Get explicit consent from each user before you collect and use any of their personal information.
Provide a user with your product or service even if they don’t give you consent to collect their information.
Ensure any collection of information is done in a fair and lawful manner.
Have company policies that relate to personal information, and ensure these policies are clear, easy to understand and available to anyone.

What happens if I am not compliant?

If an organization is found to be knowingly in breach of PIPEDA requirements, they can be fined up to $100,000 for each violation.

Children’s Online Privacy Protection Act (COPPA)

The Children’s Online Privacy Protection Act is a United States Federal law. It was amended in 2012, with changes officially implemented in 2013. It requires websites that collect information on children under the age of 13 to comply with the Federal Trade Commission (FTC). The FTC determines whether a website is geared towards children by reviewing its language, content, advertising, graphics and features, and intended audience.

Highlights of COPPA

Key regulations of COPPA includes the following

1. Posting a clear and conspicuous link to your Privacy Policy on your website or within your app.

2. A notice to parents that requests their consent before you collect any information from the child.

3. Parents must be given the choice to consent or deny sharing of their child’s information with any third parties.

4. If any changes occur within the data collection practices of the company, a notice must be sent to all parents, with the aim to receive new consent.
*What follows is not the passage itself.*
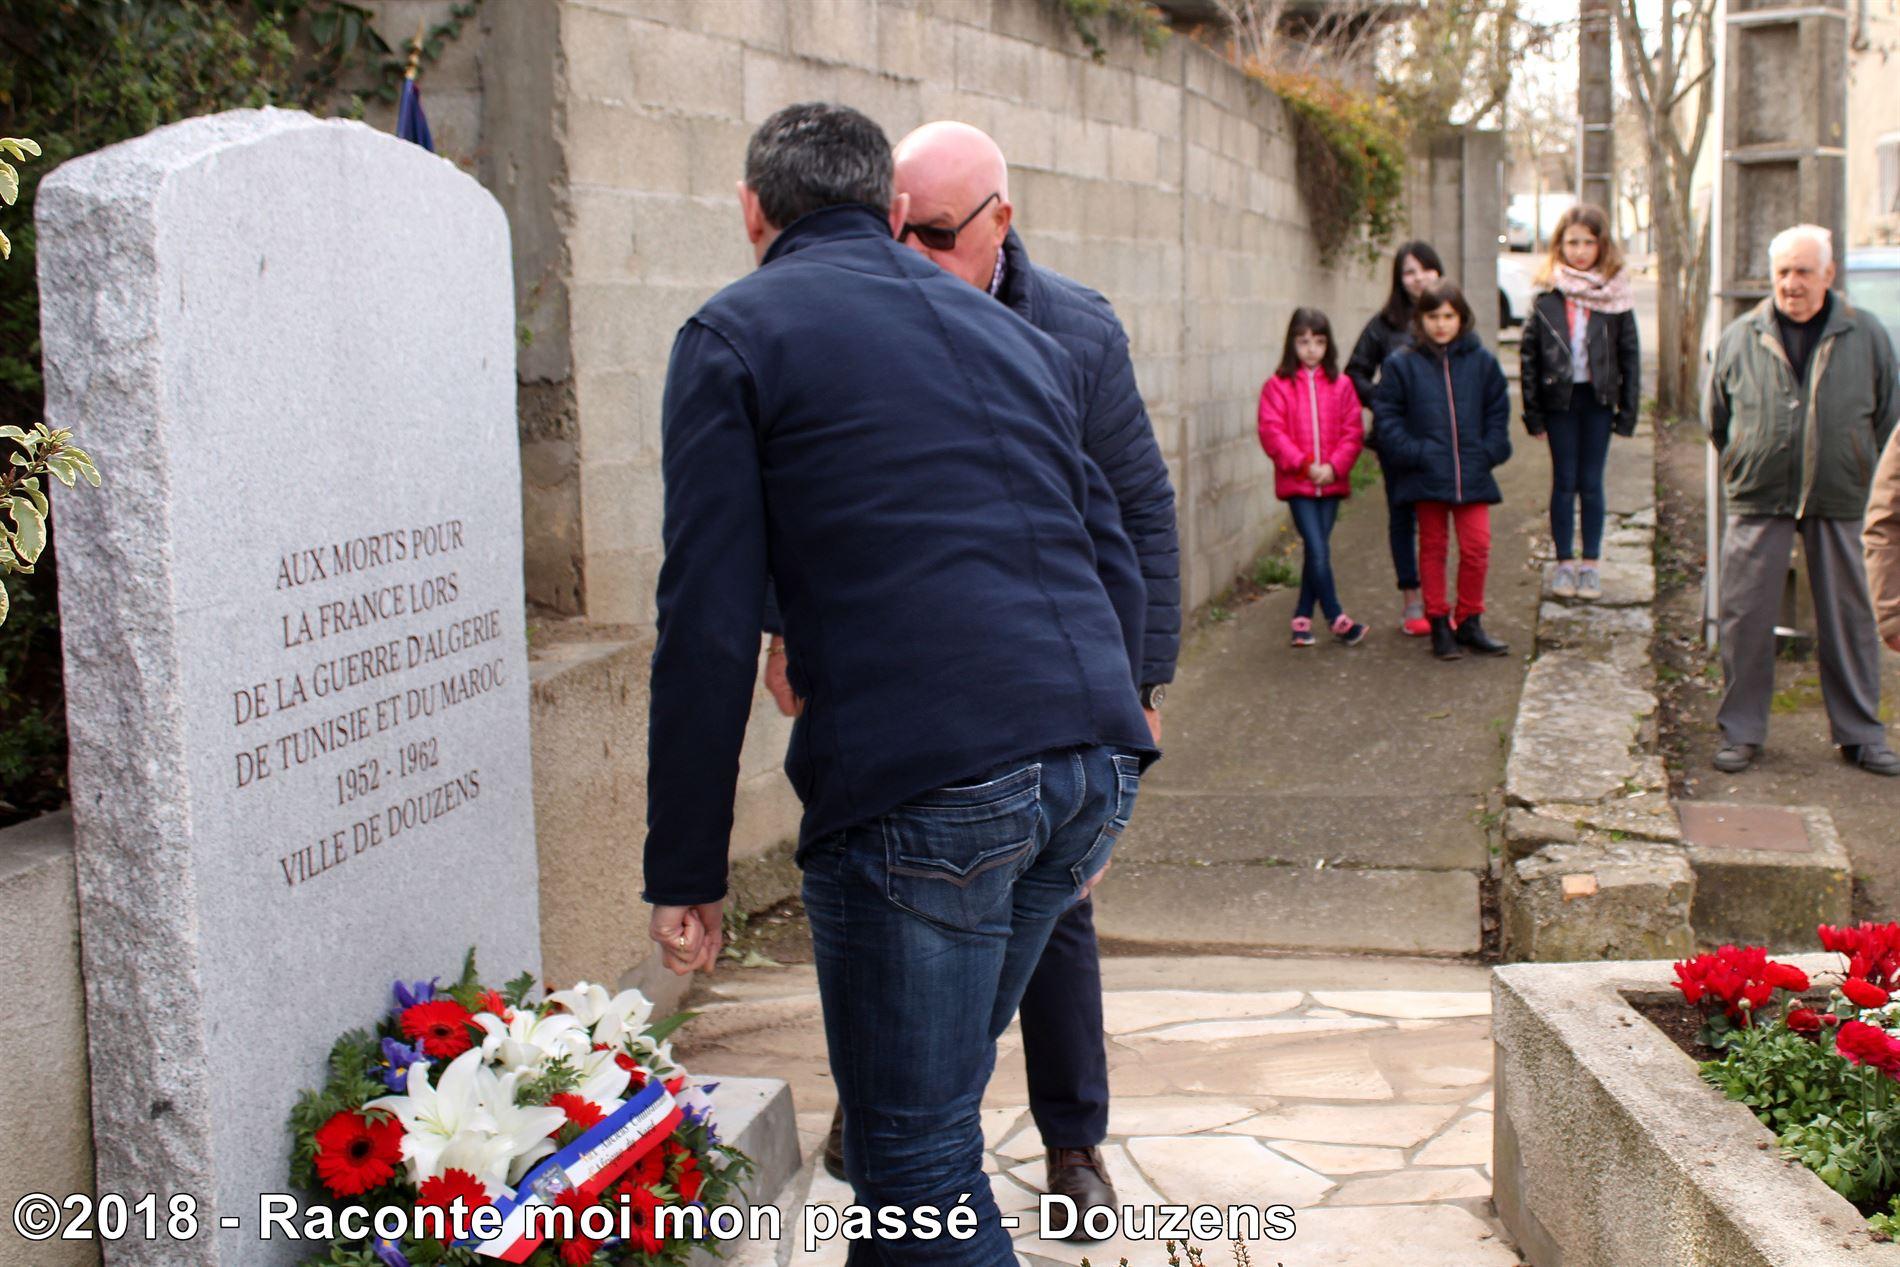 05 - 2018 - Commémoration 19 Mars 1965
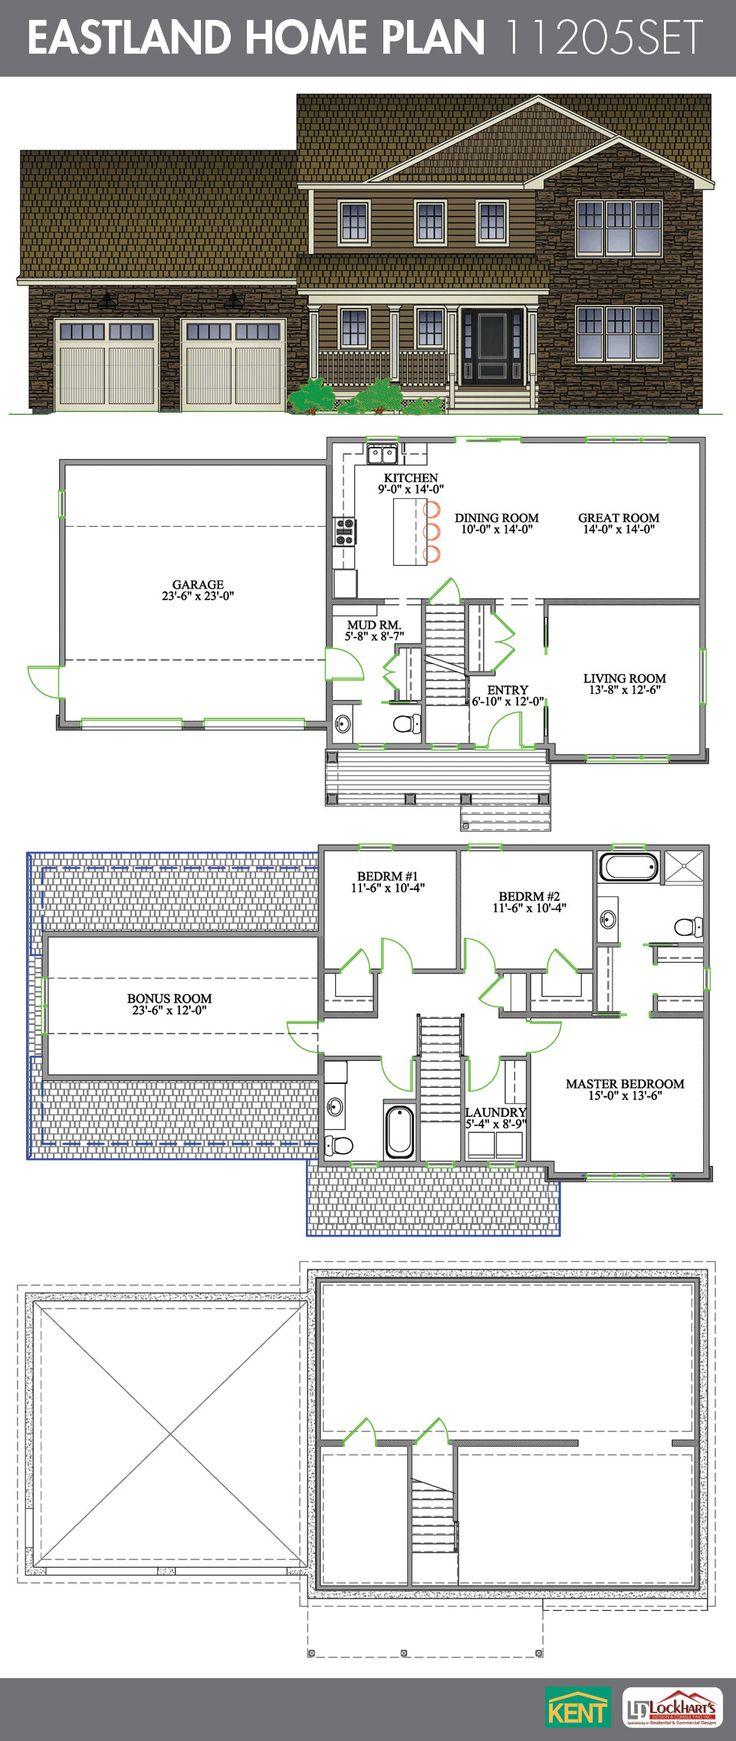 28 best 2 storey home plans images on pinterest home builder eastland 3 bedroom 2 1 2 bath home plan features formal

5. A parent must be able to request access to the kinds of personal information collected from children, as well as be able to revoke their consent and request the deletion of all personal information that has been previously collected.

Do I need to be COPPA compliant?

If your company, product and/or service is marketed towards children who are under 13 years old and located in the US, you will need to know how to abide by COPPA guidelines as well as what’s at stake if you fail to meet them.

While COPPA applies only to US children under 13 years old, if you’re based in the US then it’s expected that you provide the same levels of protection and security to under 13’s all around the world.

The main purpose of COPPA is to gain parental consent before the collection, usage, disclosure, tracking and/or sharing of a minor’s private information.

It also applies to any third party services and plugins your website might be using.

What happens if I am not COPPA compliant?

Violating COPPA used to carry a maximum civil penalty of $16,000 USD, however, this changed on the 30th of June 2016, when the FTC increased that maximum amount to $40,000 USD.

Disney was sued in 2017 for allegedly violating COPPA laws by collecting personal information from underage users of a number of Disney apps and sharing that data with advertisers, all without consent from the parents. It’s extremely important to ensure all your company websites and/or mobile apps are up to date with the regulations.

Other Privacy Laws across the Globe

State Level Internet Privacy Laws in the United States

Apart from the above-mentioned laws, There are multiple state-level privacy laws available in United States across multiple categories such as Consumer Data Privacy, Children’s Online Privacy, e-Reader Privacy, Privacy Policies and Practices for Websites or Online Services, Privacy of Personal Information Held by Internet Service Providers (ISPs), False and Misleading Statements in Privacy Policies and Notice of Monitoring of Employee E-mail Communications and Internet Access. Read more at http://www.ncsl.org/research/telecommunications-and-information-technology/state-laws-related-to-internet-privacy.aspx#Nevada.

Conclusion:-

The advent of the Internet has brought new challenges to privacy protections. Now, many countries spanning across continents have enacted privacy laws that seek to protect the information of internet users. Privacy regulations are great, but in order to enjoy them, we have to be proactive. Starting to discuss our rights rather than ignore them is a key step. It is also important to try out alternative privacy-enhancing platforms such as Blockstack and the applications built on top of the platform.

Let’s spread awareness and improve digital privacy.